Datasets and results to evaluate methods for analysing immunoglobulin sequences
  • aborigin_simulations: A random selection of 1000 simulated sequences used to evaluate Ab-origin, downloaded from here.

  • igblast_vmatch: These data were used by Ye et al. (2013) to evaluate IgBLAST, and comprise of 100 IGH sequences with no mutations in IGHV, hence these sequences should contain few or no mutations in the D and J regions. These data were downloaded as a PDF from the supplementary information here and copied to a text file.

  • igscueal_simulations: These are simulated human IGH sequences described by Frost et al. (2015).

  • N152: This is a dataset of 11 clonally related IGH sequences taken from an HIV-1 infected donor N152, from whom the broadly neutralizing antibody 10E8 was isolated (Zhu et al (2013)). The sequences were downloaded from GenBank.

  • ohmlaursen: This is a dataset of 6329 clonally unrelated IGH sequences obtained from individuals homozygous for IGHV3-23*01 and IGHJ6*02, and amplified using primers that were intended to be specific for IGHV3-23. The original study also amplified a number of IGHV3-h pseudogenes, which have been excluded from the file. This dataset was used to evaluate Ab-Origin. The full dataset (including pseudogenes) was obtained from GenBank.

  • PNG: 1108 human IGH sequences from individuals in Papua New Guinea, known to contain clonally related sequences; a CSV file containing germline assignments was downloaded from here. Sequences were downloaded from GenBank directly, and sequences and annotations extracted using an IJulia notebook. Unfortunately, the (manual) assignments of sequences to clones is not available.

  • PW57: A dataset of 57 clonally related IGH sequences from IgD+ IgM-CD38+ B cells described by Wilson et al. (2000), corresponding to GenBank accessions AF262145–AF262201, extracted from PopSet 8810007.

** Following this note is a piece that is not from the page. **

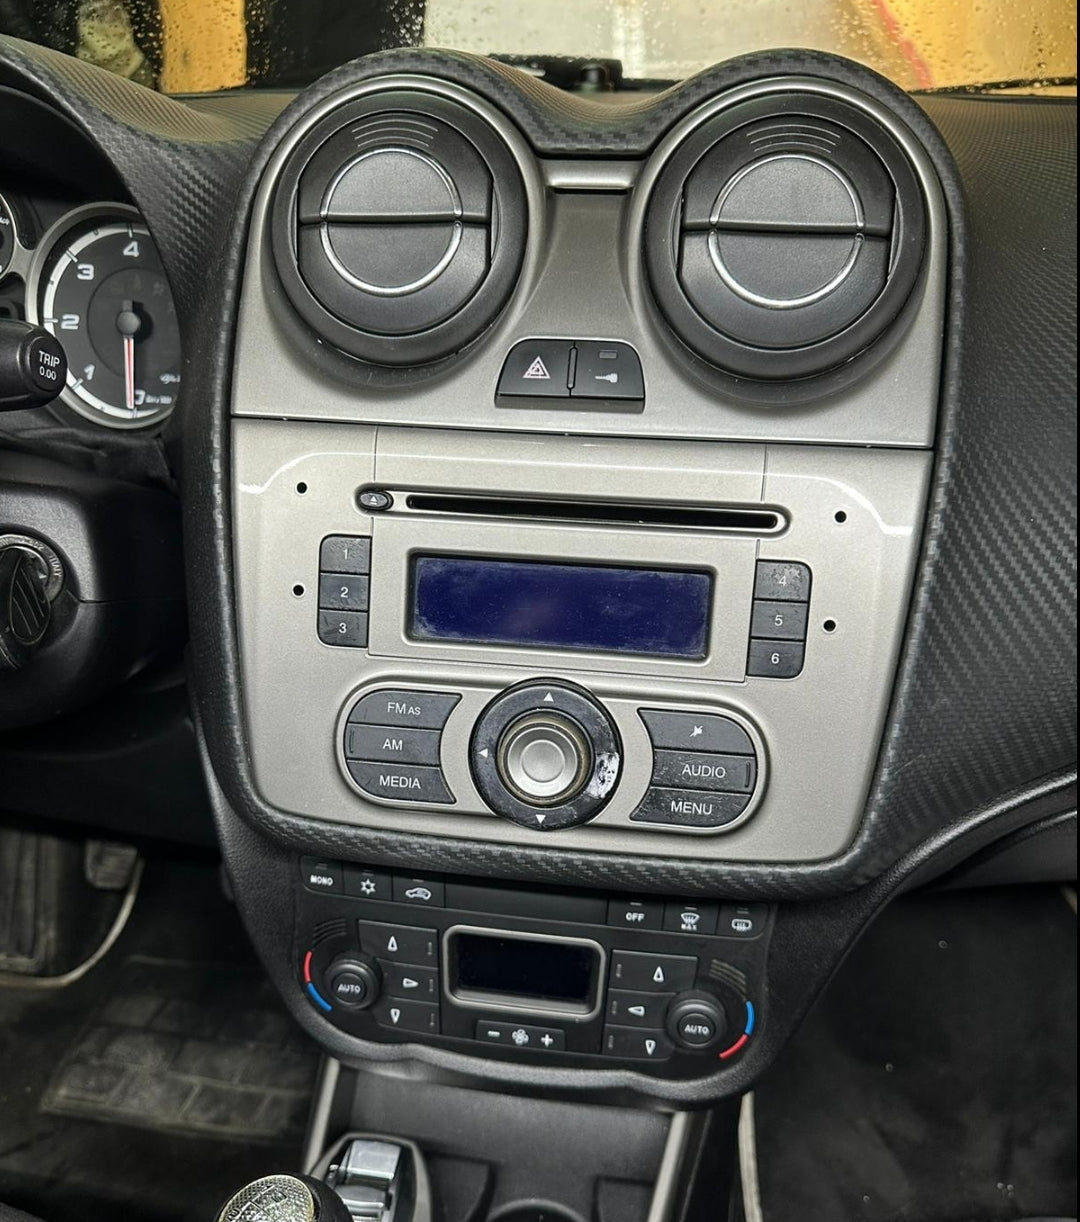 Autoradio per ALFA ROMEO MITO [2008 - 2018] - 1Din, Schermo 7"Pollici Motorizzato, Bluetooth, Radio, USB, Mirror Link per Android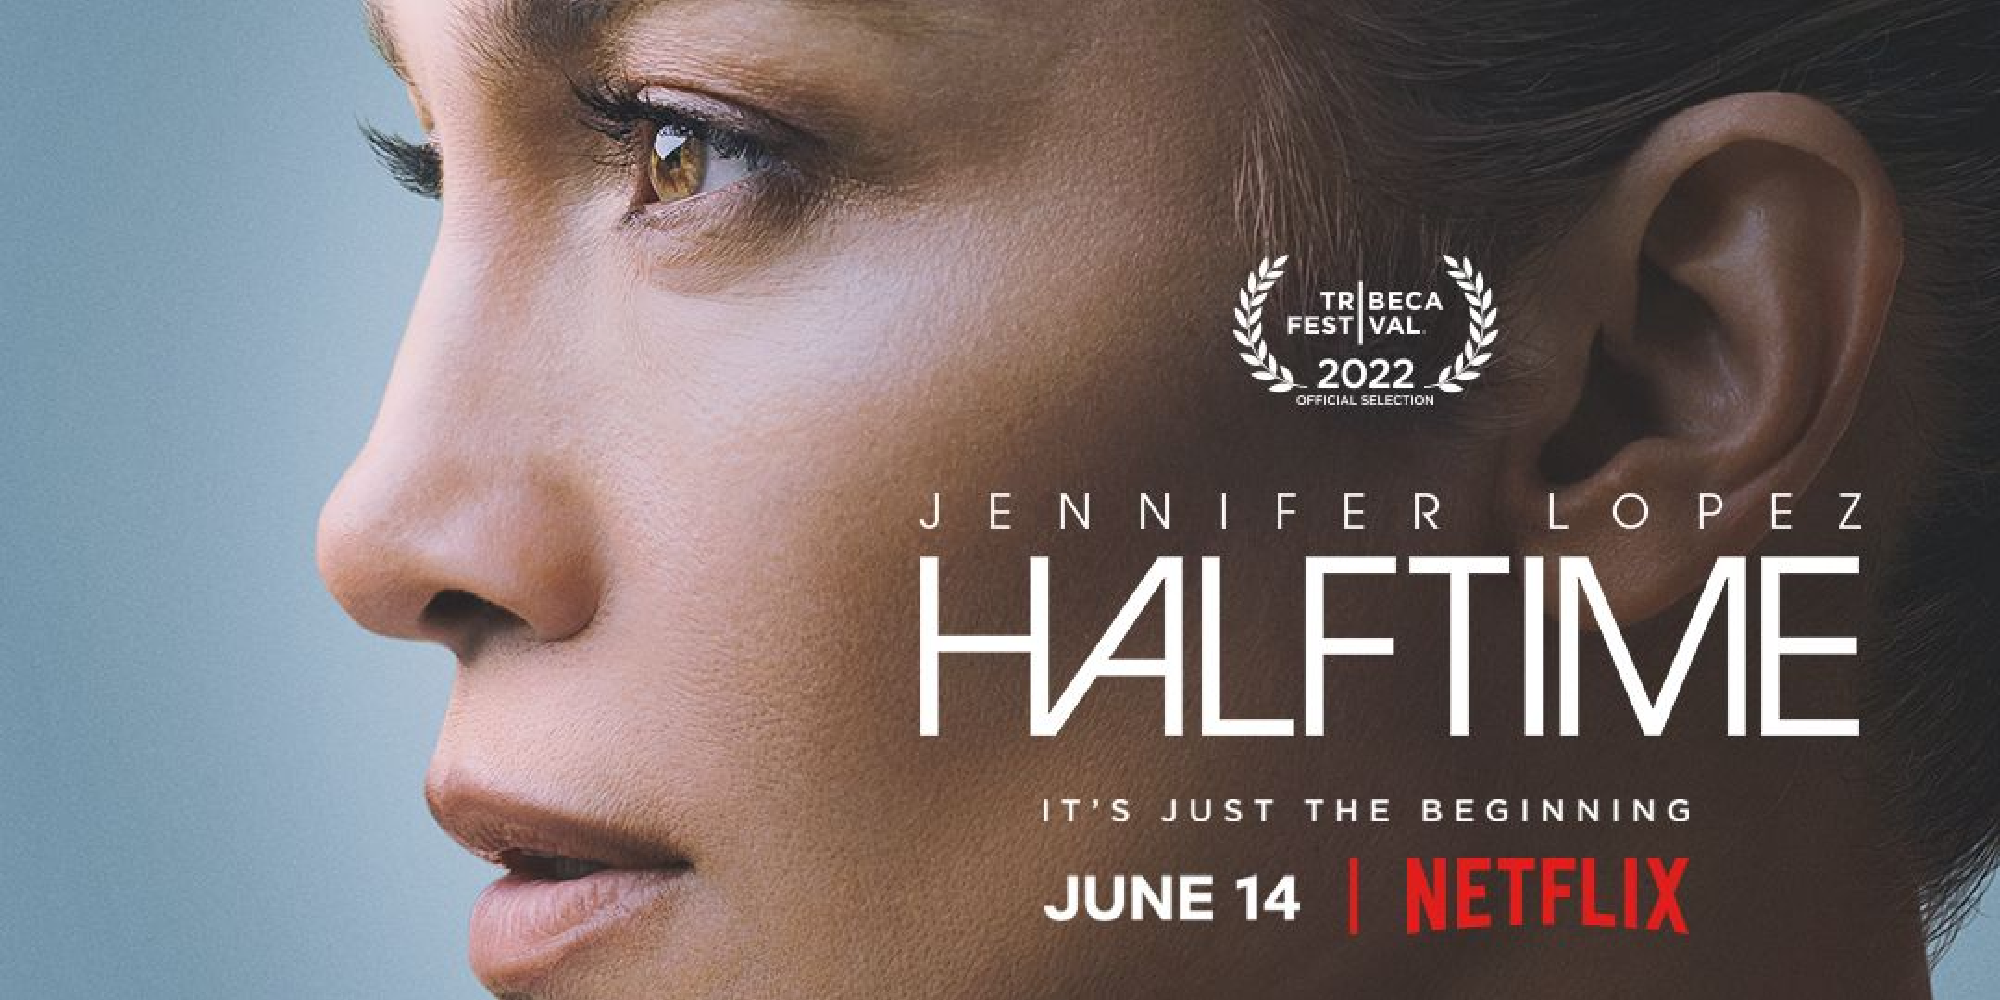 Jennifer Lopez Netflix Documentary Gets June Release Date

  • PW99: A dataset of 106 clonally related IGH sequences from IGD+ IGM- CD38+ B cells described by Zheng et al. (2005), corresponding to GenBank accessions EF544883-EF544988. This dataset is often referred to as PW99; however, I was unable to determine which sequences were excluded from this larger set.

  • S22: The Stanford S22 dataset is a set of 13,153 human IGH sequences derived from an individual who was fully genotyped. The performance of a utility is determined by the proportion of sequences that are assigned to a germline gene that is absent from the individual. These files were downloaded from the iHMMune website.